Optimizing image generation prompting using CLIP scores#

In this notebook we will compare different prompts and measure a text-to-image similarity metric: The CLIP score.

import torch
import numpy as np
from skimage.io import imread
import stackview
from diffusers import DiffusionPipeline, AutoencoderTiny
import pandas as pd
import seaborn as sns
import matplotlib.pyplot as plt

This is how the metric is initialized

from torchmetrics.multimodal.clip_score import CLIPScore
metric = CLIPScore(model_name_or_path="openai/clip-vit-base-patch16")

We start with this example image.

image = imread("data/real_cat.png")
stackview.insight(image)
shape(512, 512, 3)
dtypeuint8
size768.0 kB
min0
max255
score = metric(torch.as_tensor(image), "cat")
score.detach()
tensor(25.3473)
score = metric(torch.as_tensor(image), "microscope")
float(score.detach())
30.786285400390625

Recap: Generating images#

We will now use a prompt to generate an image and will measure if it shows a cat.

pipe = DiffusionPipeline.from_pretrained(
    "stabilityai/stable-diffusion-2-1-base", torch_dtype=torch.float16
)
pipe = pipe.to("cuda")
prompt = "Draw a realistic photo of a cat."

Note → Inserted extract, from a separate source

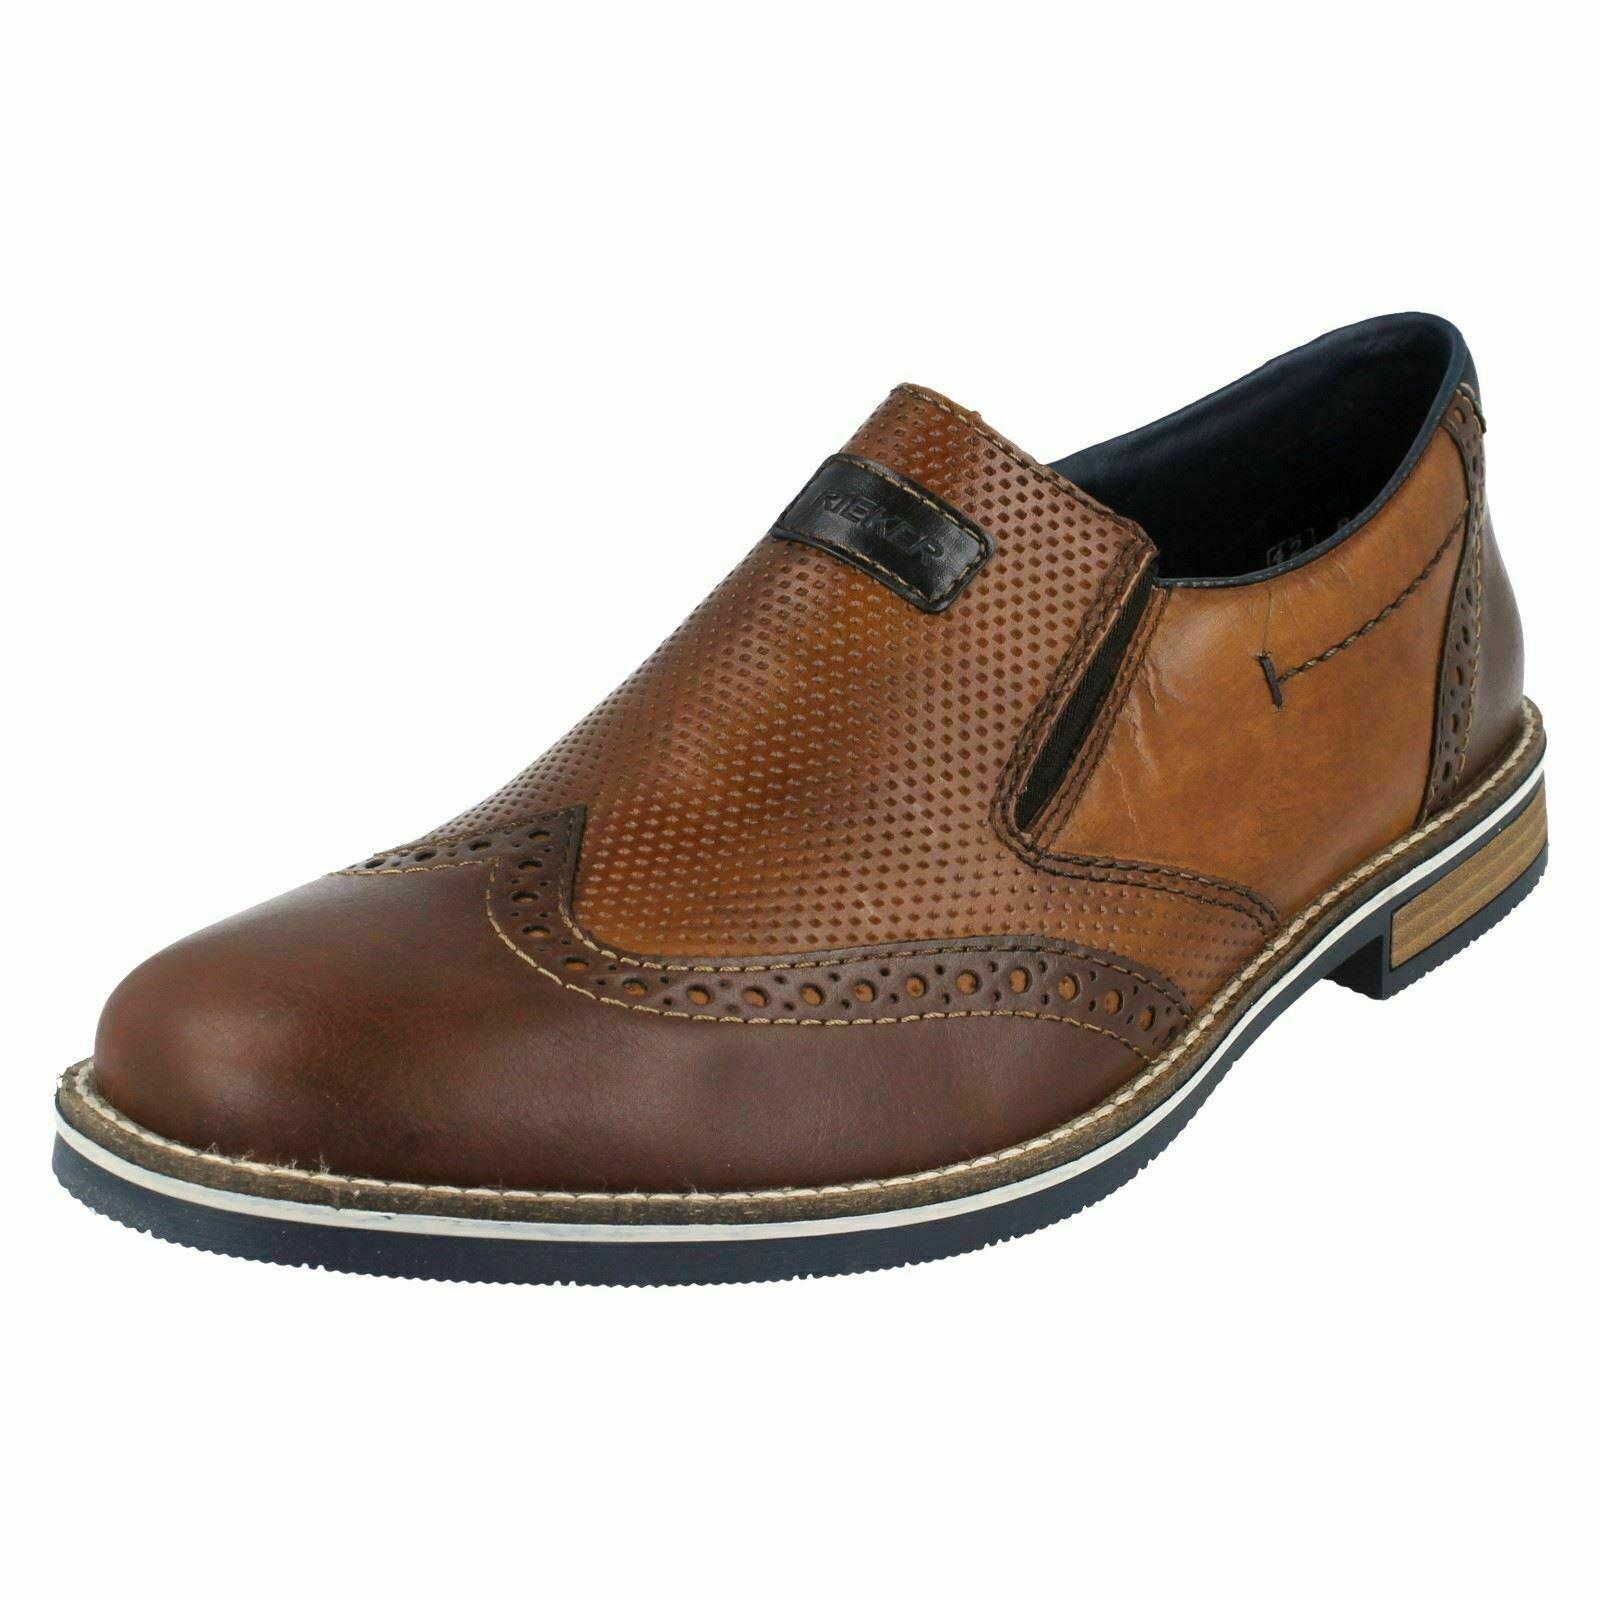 marchi di stilisti economici Uomo Rieker 13560-25 pelle Marrone Sintetico Alla Alla Alla Moda Scarpe Slip-On  liquidazione
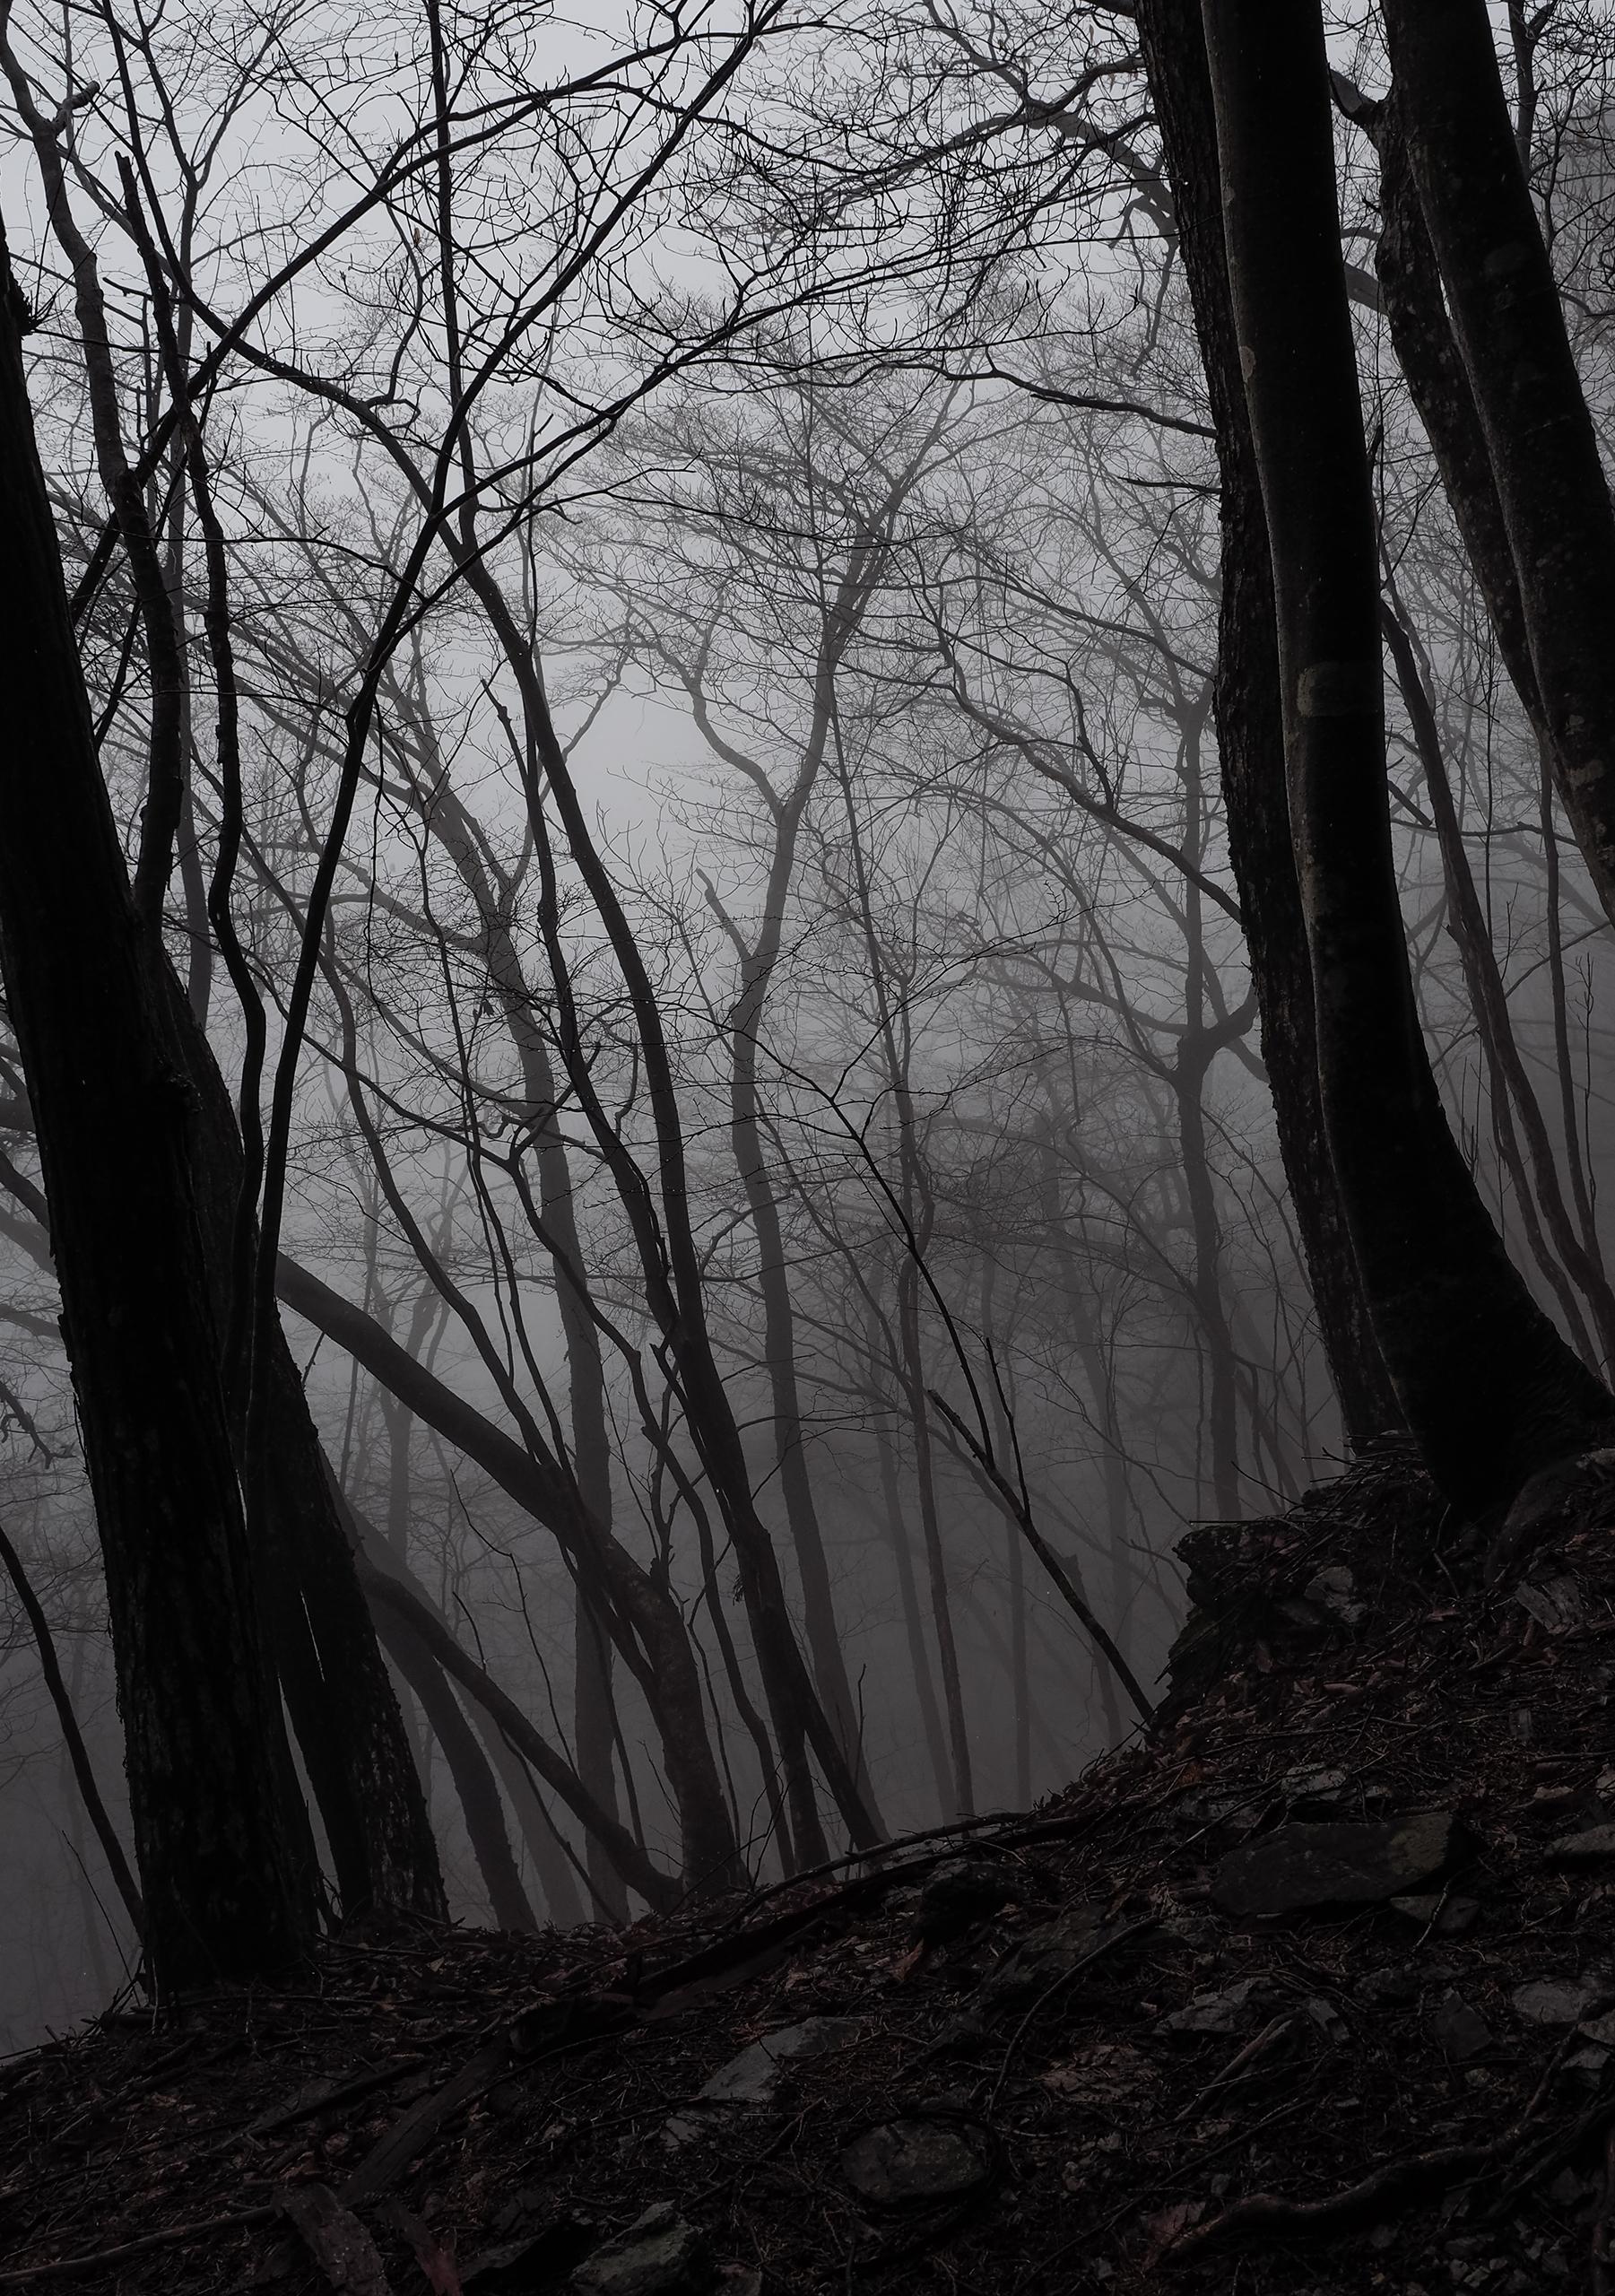 狼信仰で有名な三峯神社の奥之院へ向かう道

cat = pipe(prompt).images[0]
cat
../_images/d7a9358f6e5ca841b2f9a60cfd66cf171622b375766560fa9324d38cbbe2f53e.png
score = metric(torch.as_tensor(np.array(cat)), "cat")
np.asarray(score.detach())
array(26.65498, dtype=float32)

Benchmarking prompts#

To compare different prompts quantitatively, we run image generation in a loop and measure their quality. As a control, we also generate images that show dogs and no cats.

Using this strategy, we can do prompt engineering / prompt optimization in an informed way.

num_attempts = 10
prompts = ["Draw a realistic photo of a cat.", 
           "Draw a cat",
           "cat", 
           "Draw a realistic photo of a dog."]

data = {"prompt":[],
        "score":[]}
for prompt in prompts:
    for i in range(num_attempts):
        image = pipe(prompt, disable_tqdm=True).images[0]

        score = metric(torch.as_tensor(np.array(image)), "cat")
        data["score"].append(float(score.detach()))
        data["prompt"].append(prompt)
data = pd.DataFrame(data)
data
prompt score
0 Draw a realistic photo of a cat. 27.656635
1 Draw a realistic photo of a cat. 26.781824
2 Draw a realistic photo of a cat. 27.483803
3 Draw a realistic photo of a cat. 26.999044
4 Draw a realistic photo of a cat. 27.809370
5 Draw a realistic photo of a cat. 27.048084
6 Draw a realistic photo of a cat. 28.171909
7 Draw a realistic photo of a cat. 25.953665
8 Draw a realistic photo of a cat. 26.899948
9 Draw a realistic photo of a cat. 30.001472
10 Draw a cat 28.417461
11 Draw a cat 27.374229
12 Draw a cat 27.655571
13 Draw a cat 27.965340
14 Draw a cat 27.172005
15 Draw a cat 27.536922
16 Draw a cat 29.083773
17 Draw a cat 29.016024
18 Draw a cat 25.260868
19 Draw a cat 25.417572
20 cat 27.310360
21 cat 25.902298
22 cat 26.449892
23 cat 27.699142
24 cat 19.328476
25 cat 27.631119
26 cat 21.009279
27 cat 22.222973
28 cat 17.562325
29 cat 27.389830
30 Draw a realistic photo of a dog. 20.009043
31 Draw a realistic photo of a dog. 21.995111
32 Draw a realistic photo of a dog. 19.825274
33 Draw a realistic photo of a dog. 21.263514
34 Draw a realistic photo of a dog. 21.207270
35 Draw a realistic photo of a dog. 19.247950
36 Draw a realistic photo of a dog. 21.005089
37 Draw a realistic photo of a dog. 22.206501
38 Draw a realistic photo of a dog. 20.775682
39 Draw a realistic photo of a dog. 18.967247
# Plotting the boxplot
plt.figure(figsize=(10, 6))
sns.boxplot(x='prompt', y='score', data=data)
plt.title('Boxplot of Scores by Prompt')
plt.xlabel('Prompt')
plt.ylabel('Score')
plt.show()
../_images/78e9bf8a9842a35644c01f90c3fc1767961b20809891e90685058fd62abfc3f1.png

Exercise#

Append more prompts to the list above. Attempt to improve the score for the image showing a cat.

Measure which of the prompts produces the most photorealistic images.